Quilting And Quilt Art
This technique uses two layers of fabric, often with a soft material placed between the layers before stitching them together. Typically, some quilts are hung as visual art or decoration, while others are used for practical reasons such as keeping warm. An example of quilt art is the 1938 Patchwork quilt (National Gallery of Art Museum).
Weaving entails interlacing two sets of threads. These are called the weft that runs horizontally and the warp that runs vertically. The threads are laced together on a loom at intersecting angles to create a cloth. The warp threads are held tight while the weft is fed through them.
While it’s commonly seen in garments, you can also use weaving to create display artwork. They’re often displayed as wall hangings (textile wall art), with some artists experimenting with stitch length and yarn weight to create highly textured arts.
The types of weave structures you can produce include twill, plain, velvet, and satin.

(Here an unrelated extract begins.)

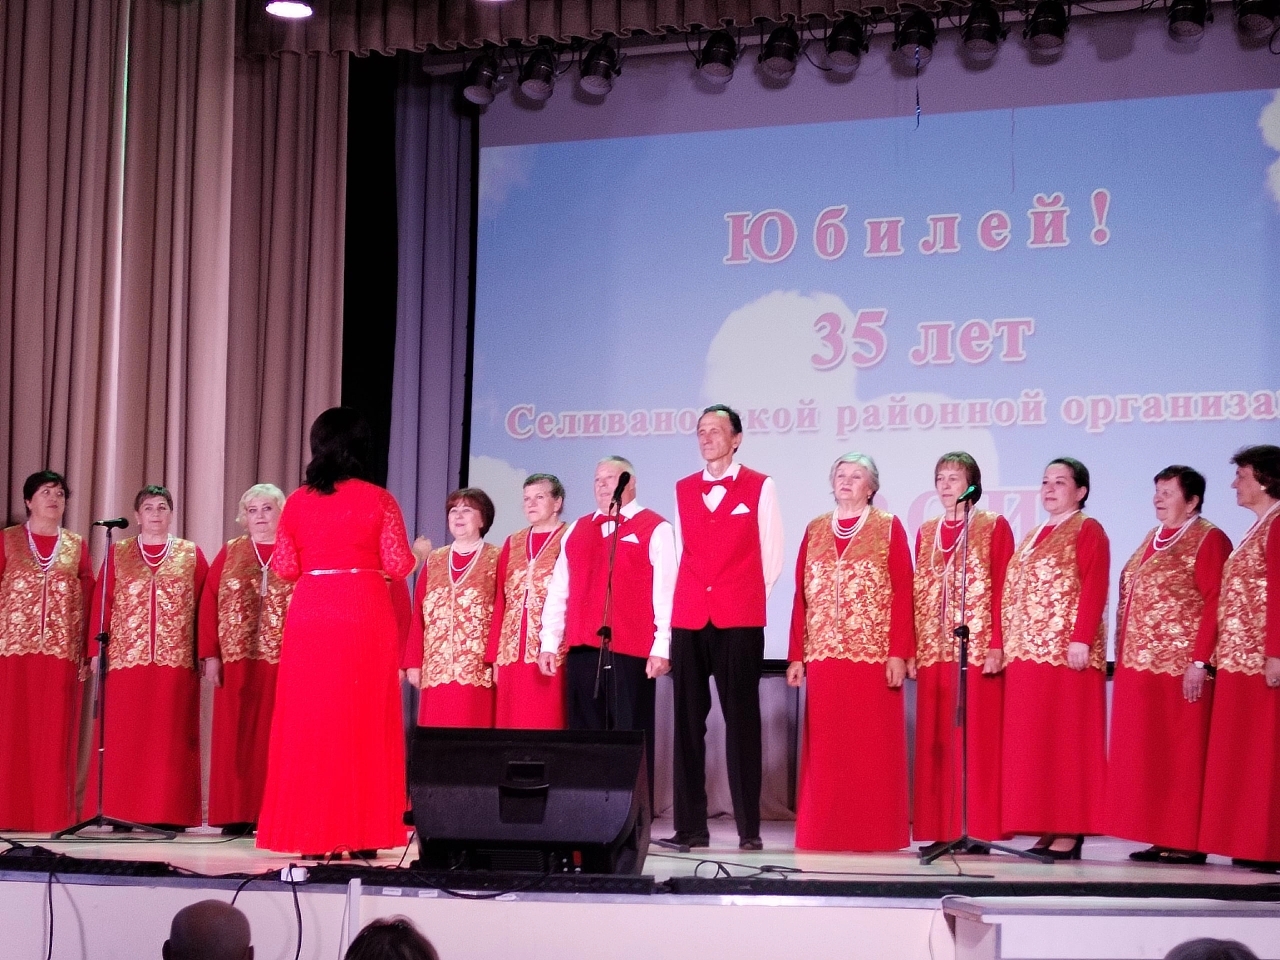 7 июня Селивановская районная организация ВОИ отмечала свое 35-летие!

The technique involves making a rug by pulling fabric or loops through a woven base. It’s done using a crochet-type hooking tool that pulls the fabric through the base material. One of the oldest known hooked rugs is said to be the 19th-century floor mats created in Yorkshire, England.
This is the art of making lacing; a delicate fabric often made up of yarn and thread. While it’s unknown about the origin, the 16th century saw an increase in the appeal of lace, and hence the technique grew. The triangular Brussels point de Gaze needle lace shawl is an example of lace that dates to 1850.

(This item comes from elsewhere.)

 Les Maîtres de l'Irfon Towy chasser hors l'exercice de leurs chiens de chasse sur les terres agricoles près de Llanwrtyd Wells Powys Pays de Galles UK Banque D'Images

A common technique of lace-making is tatting. The method is achieved by wrapping threads around two shuttles into patterns, creating rings of designs. Tatting dates to the 17th century and can be used to make hats, purses, and jewelry.

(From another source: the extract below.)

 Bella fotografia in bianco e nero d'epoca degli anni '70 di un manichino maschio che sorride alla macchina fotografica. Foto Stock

Creating rope entails combining different strands of material to create one strong cord. Then, you can connect the strands by twisting or braiding the material together. Ancient Egyptians are said to be the oldest civilization to use ropes.
The technique includes stitching counted-thread embroidery onto canvas or another type of sturdy material. The most common examples of canvas work are needlepoint, bargello, and petit point.
What’s The Earliest Example of Textile Art?
Textile has long served a practical use and has not generally been considered to be an actual art form (This is a mistake in my opinion). Bayeux Tapestry, made between 1077 and 1092, is probably the earliest surviving example of textile art. While it’s called a tapestry, the artwork is an elaborate embroidery 20 inches high and 23 inches long.
The wool yarn is sewn into figurative scenes telling the story of the Norman Conquest of England and William the conqueror. You can see knights and horses charging forth, men on ships crossing the ocean, and heroic battles in detail.
Interestingly, the artwork’s creator remains a mystery, though most researchers believe a female likely made it as embroidery was categorized as women’s work during those days.
Why Isn’t Textile Art Considered a Fine Art?
Textile art on its own isn’t generally deemed fine art because it has typically been used for more practical purposes. For example, textile art is often used to make lovely items such as blankets and others that help daily, while fine art is made for viewing and entertainment purposes only.
However, it’s vital to note that sometimes you can make textile art without a practical purpose. For example, tapestries were used historically to insulate the walls of a castle. Today, they are used for decoration.
Having said that, many of today’s contemporary fine artists are using textiles more and more in their work. These textile-based modern art pieces should unquestionably be characterized as fine art.